Beside that 128k is still significantly less than Claude

elashri · 2025-01-02T13:52:39 1735825959

Shouldn't we be comparing with other open source model? In particular since this is about llama3.3 then they have the exact context limit which is 128k [1]. Also

[1] https://huggingface.co/meta-llama/Llama-3.3-70B-Instruct

siscia · 2025-01-02T14:18:37 1735827517

Why?

Whenever using a model to be more effective as a developer I don't particularly care if the model is open source or closed source.

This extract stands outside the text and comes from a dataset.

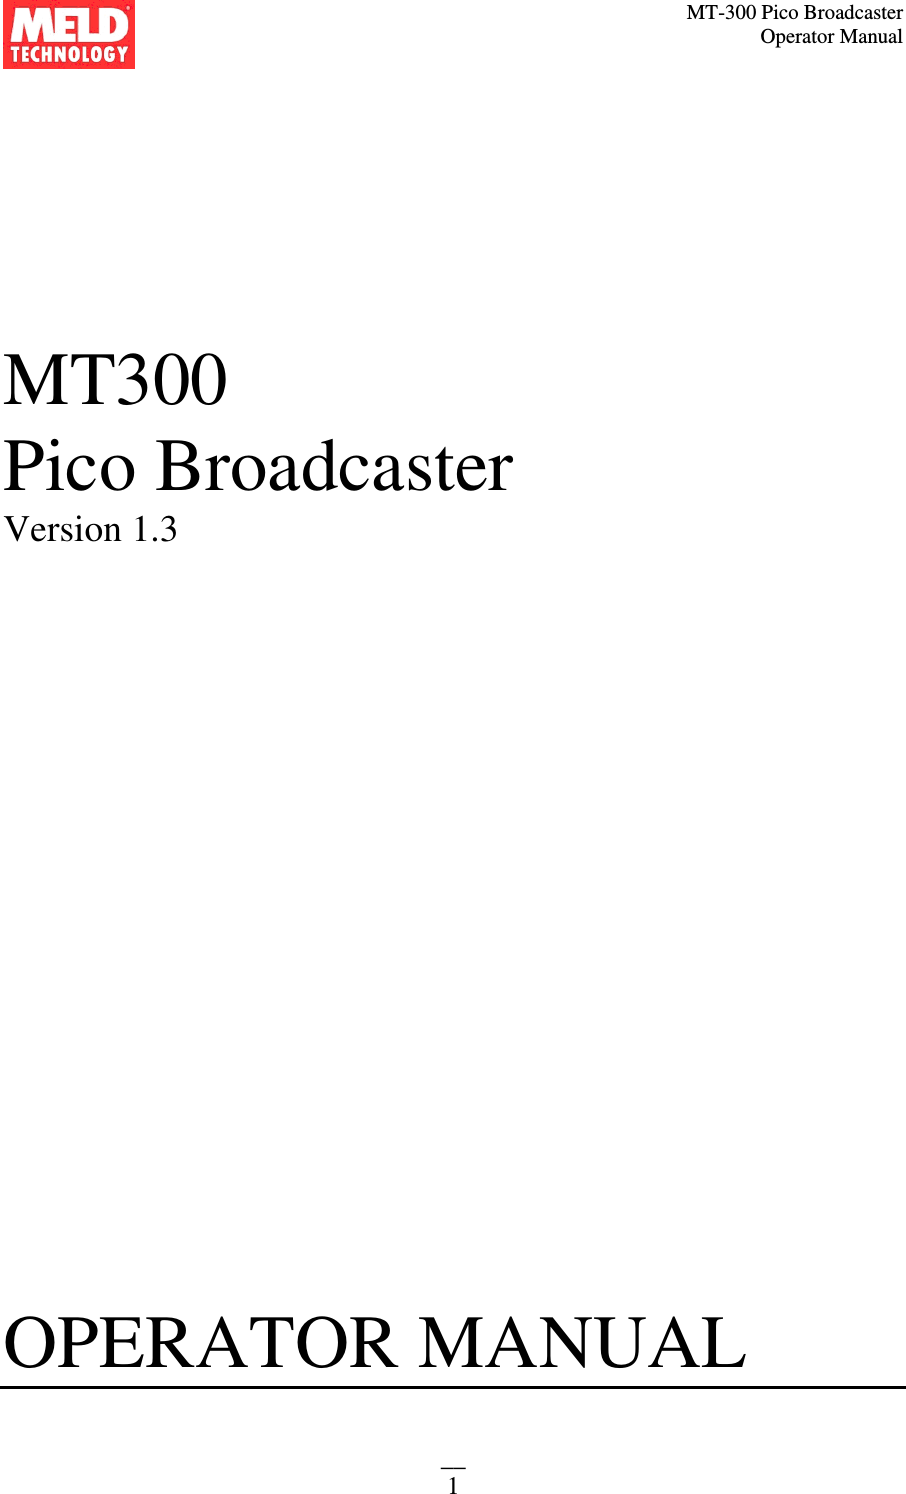 MT-300 Pico Broadcaster                                                                                                                                             Operator Manual __ 1    MT300 Pico Broadcaster  Version 1.3                         OPERATOR MANUAL

I would love to use open source models as well, but the convenience to just plug an API against some endpoints in unbeatable.

jbellis · 2025-01-02T15:37:40 1735832260

I'm interested. I submitted my email to your landing page form.

samatdav · 2025-01-03T04:46:33 1735879593

Thank you! Will email you within a couple of days:)

WhatsName · 2025-01-02T11:51:29 1735818689

Talk is cheap, benchmarks please. Also why did you decide for LLama? AFAIK deepseek always had a slight edge over llama when it comes to coding performance, or is this no longer the case?

samatdav · 2025-01-03T04:48:19 1735879699

Good point, we plan to publish more benchmarks and also publicly host a model for anyone to try. We think Llama is a good option but as we progress we will test other open source models too like deepseek.

KTibow · 2025-01-02T12:41:37 1735821697

Training and running fine tunes of Deepseek could get expensive.

tucnak · 2025-01-02T14:05:27 1735826727

I'm not saying you're an imposter... but you're making it really easy to assume that; it doesn't seem you have learnt much while you guys were there. Are you sure you weren't hired by mistake?